Task
Word for word, transcribe the lines below and drop the pictures.

Data segment
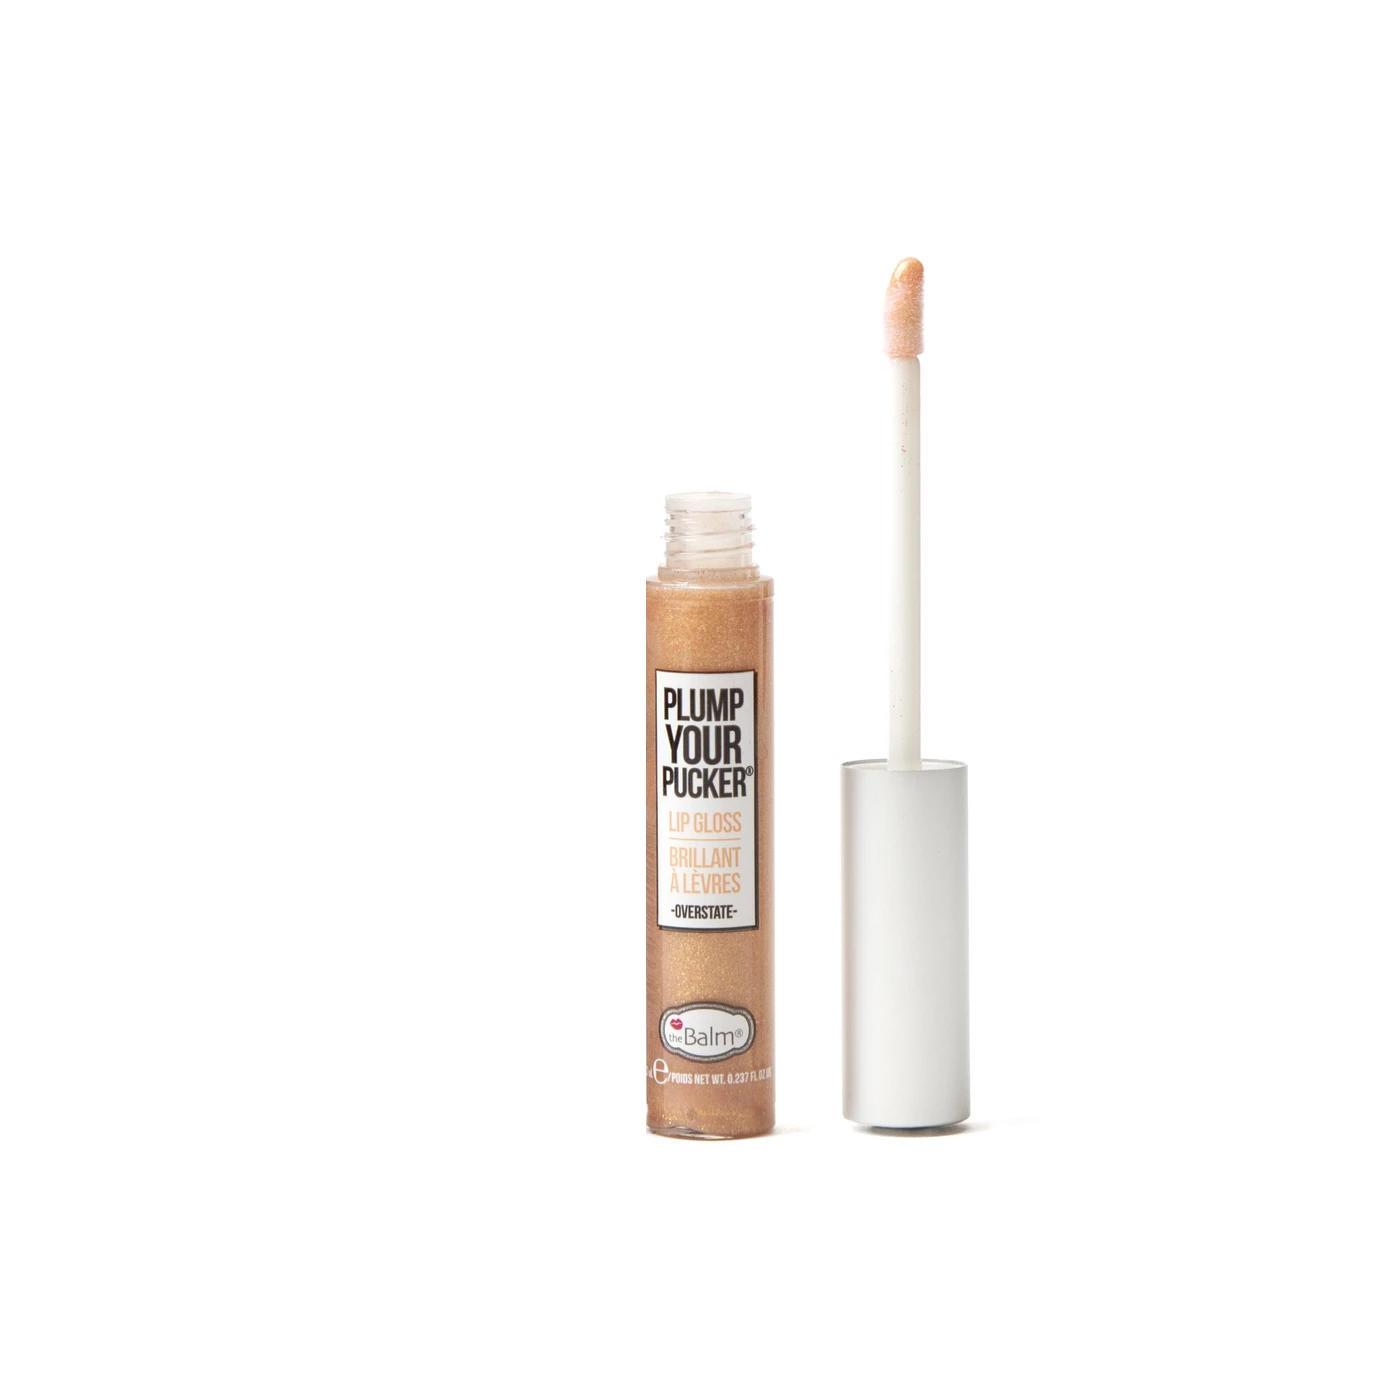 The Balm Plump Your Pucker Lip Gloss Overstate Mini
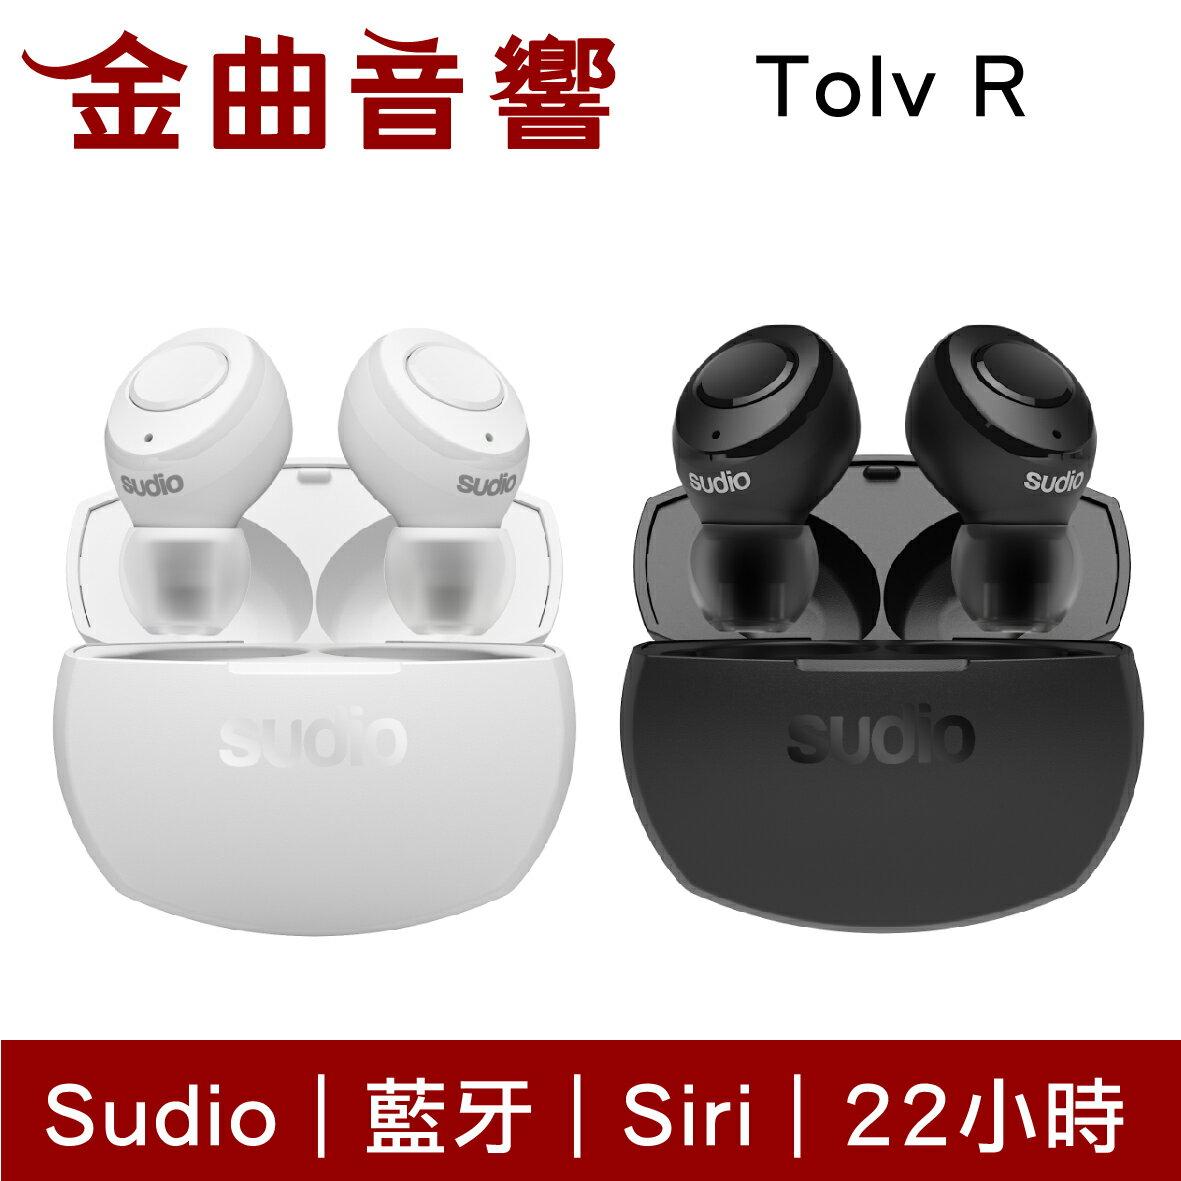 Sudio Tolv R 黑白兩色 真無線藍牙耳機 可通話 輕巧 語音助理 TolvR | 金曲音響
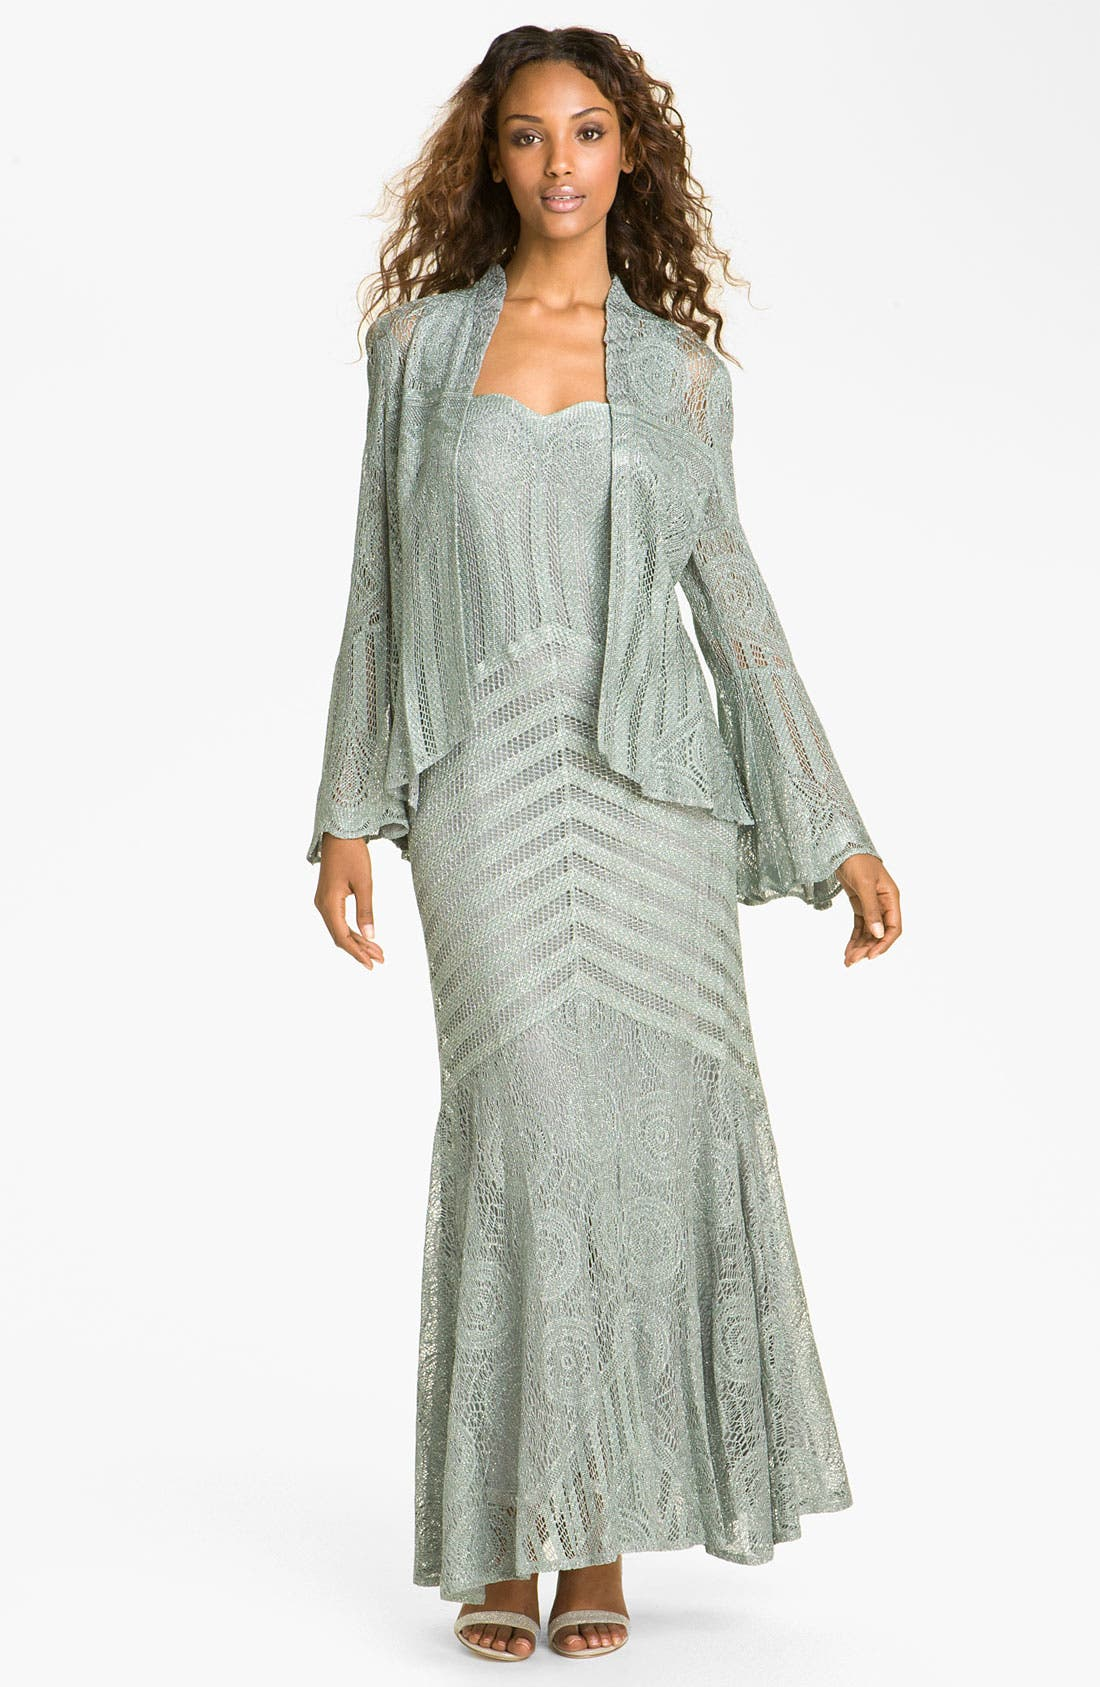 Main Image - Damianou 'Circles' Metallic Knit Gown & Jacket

Solved exercise
 The Balm Plump Your Pucker Lip Gloss Overstate Mini
 Sudio Tolv R 黑白兩色 真無線藍牙耳機 可通話 輕巧 語音助理 TolvR | 金曲音響
 Main Image - Damianou 'Circles' Metallic Knit Gown & Jacket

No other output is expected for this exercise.